When a debt goes unpaid, the creditor may resort to legal action to force the debtor to pay up. If the creditor wins a judgment, the creditor tries to levy the debtor's bank account or garnish the debtor's wages. In most cases, the person who incurred the debt is solely responsible for paying it, but there are some situations where a wife's wages can be garnished to pay a husband's debts, and vice versa.
TL;DR (Too Long; Didn't Read)
The laws in the state where you live will determine precisely how your creditors can garnish your wages. Generally speaking, however, any joint account you maintain with your husband can likely be garnished if he accrues debt.
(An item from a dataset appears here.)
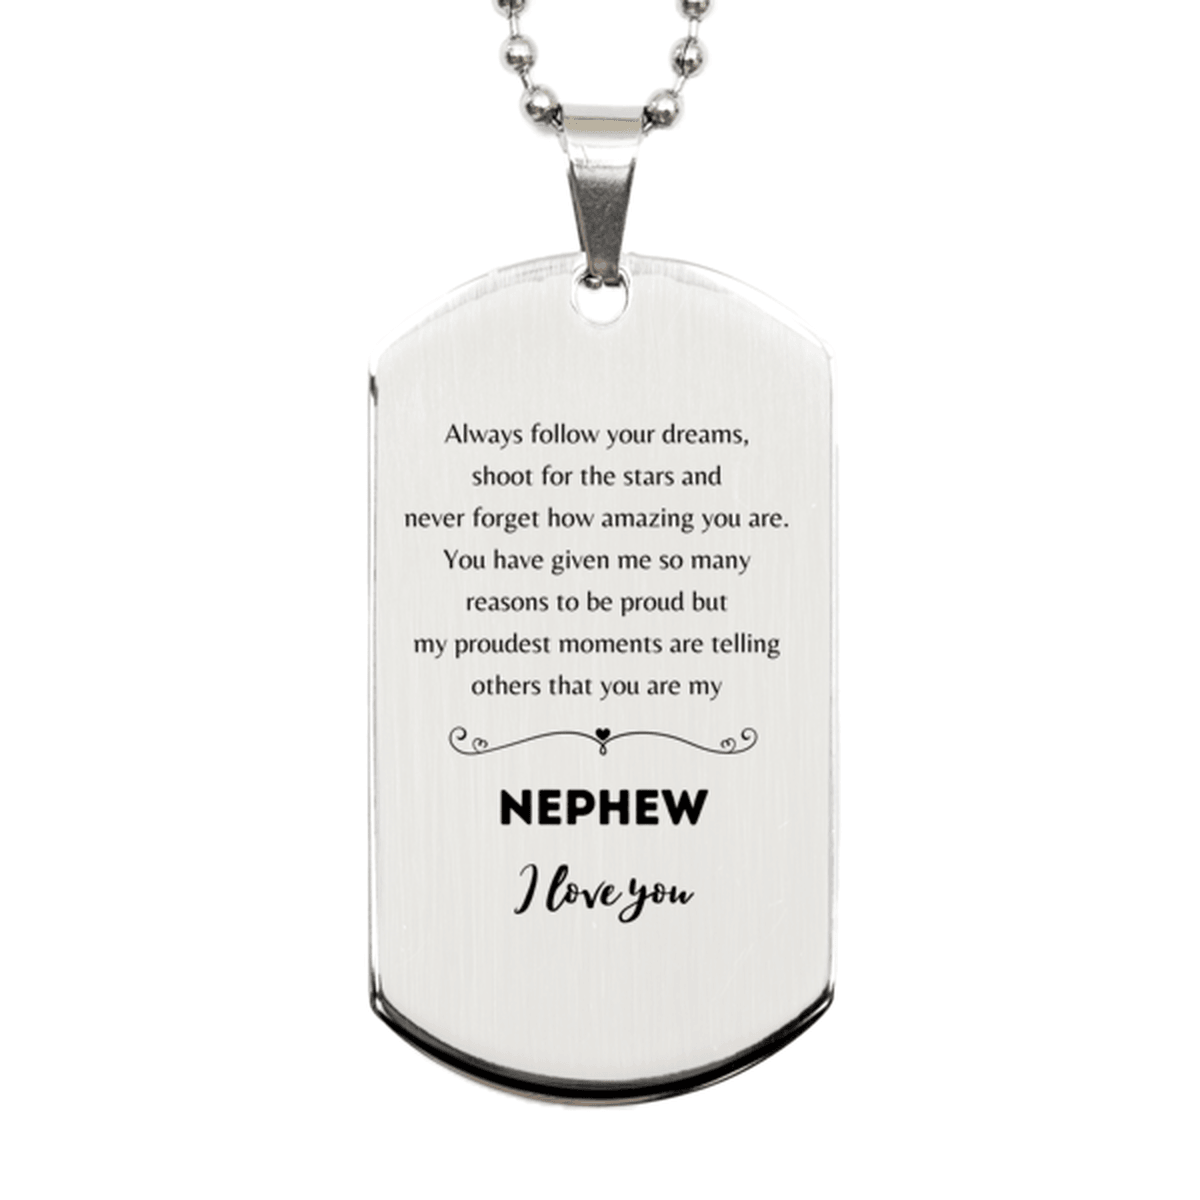 Nephew Silver Dog Tag Engraved Necklace - Always Follow your Dreams - Birthday, Christmas Holiday Jewelry Gift - Mallard Moon Gift Shop

Establishing Joint Liability
The majority of states are "common law" states, which means that people are only responsible for debts that are in their own names. If you live in a common law state, this means that any debts your husband ran up in his name would be his responsibility alone, regardless of whether the debts were incurred before or after you were married. If you agree to co-sign a loan for your spouse or act as guarantor, though, you then become jointly liable with your spouse for the debt. This means that a creditor can sue one or both of you for the debt, and you could both be subject to wage garnishment.
Community Property States
In a "community property" state, such as California, obligations that were incurred by one spouse after marriage are generally considered to be joint debts. You would not share liability for any debts that either partner brought into the marriage individually. Since eligible debts are considered to be shared under community property laws, it's possible that a creditor could garnish your wages or seize joint assets, even if the debt is not in your name. Some community property states, such as Texas, have specific rules for determining when spouses are jointly liable for debts.
Doctrine of Necessaries
Depending on where you live, you may also be held responsible for a husband's debts if your state enforces the "doctrine of necessaries." The doctrine is a provision of English common law that says that spouses are responsible for certain necessary expenses, including food, housing and clothing. In states where the necessaries rule is still observed, including California, Colorado and Delaware, creditors can also use the doctrine to hold one spouse responsible for the other's medical debts. If a creditor is attempting to sue you under the doctrine of necessaries, you may be able to avoid a judgment if you can prove that you and your spouse were separated at the time the debt was incurred.
Debts and Divorce
If you're going through a divorce, it's possible that the judge may assign you liability for credit cards or other debts, even if they were actually incurred by your spouse. If the debt's not in your name and you live in a common law state, the creditor can't attempt to garnish your wages, but if you don't pay court-assigned liability and your spouse is sued, he can seek a judgment against you for violating the court order. If your husband runs up new debts after the divorce is finalized, you would not be responsible unless you act as a co-signer or co-borrower.